All defendants have brought motions for summary judgment on FDIC's gross negligence claim against them. In addition, certain defendants seek to strike certain exhibits submitted by FDIC in opposition to the summary judgment motions. For the reasons stated in this memorandum opinion and order, FDIC's motion to dismiss the Counter-claim is granted, the motions to strike are denied and the motions for summary judgment are denied.
Horizon Federal Savings Bank ("Horizon") was a federally chartered and federally insured mutual savings and loan association headquartered in Wilmette, Illinois. It had branches throughout the Chicago metropolitan area. John Gravee ("Gravee") was Horizon's President, Chief Executive Officer and Chairman of the Board of Directors ("Board"); Jerome Maher ("Maher") was Horizon's Chief Operating Officer and Vice Chairman of its Board; and Donald Porth ("Porth"), Robert Merrifield ("Merrifield"), I. Robert Ballin ("Ballin"), Thomas O'Boyle ("O'Boyle") and William White, Jr. ("White") (collectively "Outside Directors") were the remaining members of Horizon's Board together with two other outside directors, Richard Samuels ("Samuels") and Edward Williams ("Williams"). All defendants except Gravee and Maher were members of Board's loan committee from 1983 to 1990, except that Samuels resigned from Horizon's Board at the end of 1985.
In early 1982 Horizon (then known as First Federal Savings and Loan Association of Wilmette
) was approached by officials of Federal Home Loan Bank Board ("FHLBB") and Federal Savings and Loan Insurance Corporation ("FSLIC") with the proposal that Horizon merge with Glenview Guaranty Savings & Loan Association ("Glenview"), Evergreen Savings & Loan Association ("Evergreen") and Lincoln Square Federal Savings & Loan Association ("Lincoln Square").
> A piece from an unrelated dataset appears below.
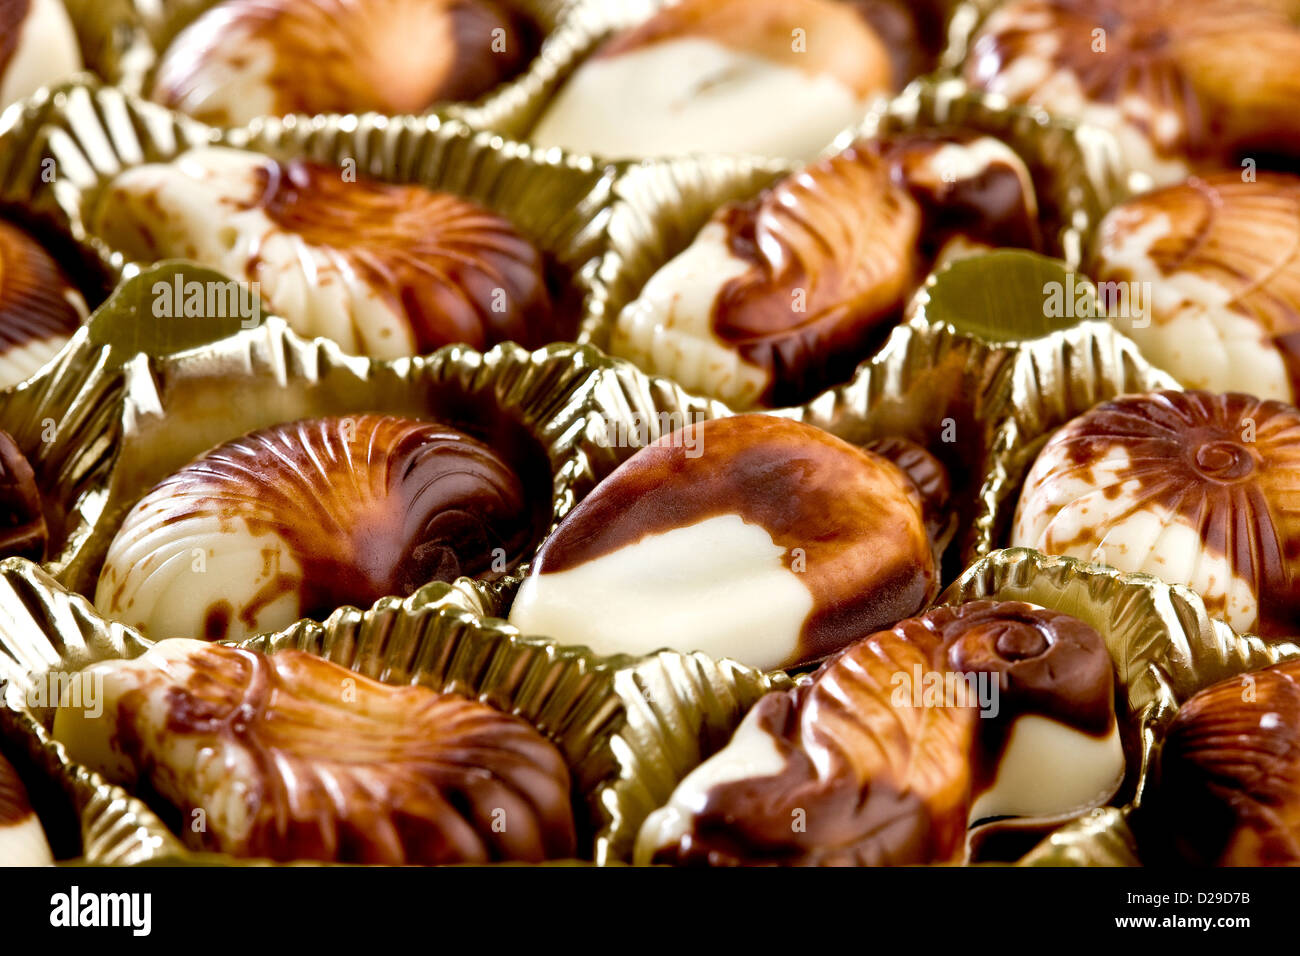 Belgian chocolate seashells Stock Photo

Glenview, Evergreen and Lincoln Square were all experiencing serious financial difficulties and would cease to operate without a merger with a solvent institution. On the basis of certain agreements with and forbearances by FHLBB and FSLIC, Horizon's Board approved the mergers, although absent the forbearances the resulting institution would have been insolvent from the moment of its creation.
Before 1984 Horizon had long-standing relationships with two mortgage brokerage firms, Markham Sellers & Mony ("Markham") in Phoenix and Tucson, Arizona, and McKay, McManamon & Maguire ("McKay") in Sarasota, Florida. For some years those business relationships had been limited to residential mortgages and condominium conversions, which had been profitable for both Horizon and the brokers. Beginning in 1984 defendants, as Horizon's loan committee, approved a number of "acquisition, development and construction" loans ("ADC loans") submitted by Markham and McKay for commercial real estate projects in Arizona and Florida, types of loans that carried with them both greater risk and the possibility of greater return than residential mortgages. Among others, those projects included Tidy Island, a residential condominium project on an island off the coast of Sarasota that, although initially approved in 1984, had additional commitments of more than $ 3 million approved in 1985; Agua Dulce in Tucson, a raw land development project that, although originally approved in 1984, had additional commitments of more than $ 7.5 million during 1986 and 1987; La Buena Vida in Glendale, Arizona (a suburb of Phoenix), a project to convert undeveloped land into improved lots for which commitments of more than $ 15 million were approved in 1987 and 1988; Power Road Medical Center in Mesa, Arizona, a medical building project approved in 1985 for an initial commitment of more than $ 5 million; and a working capital line of credit to Markham, $ 2 million of which was approved in 1985. All of those loans are at issue in this case.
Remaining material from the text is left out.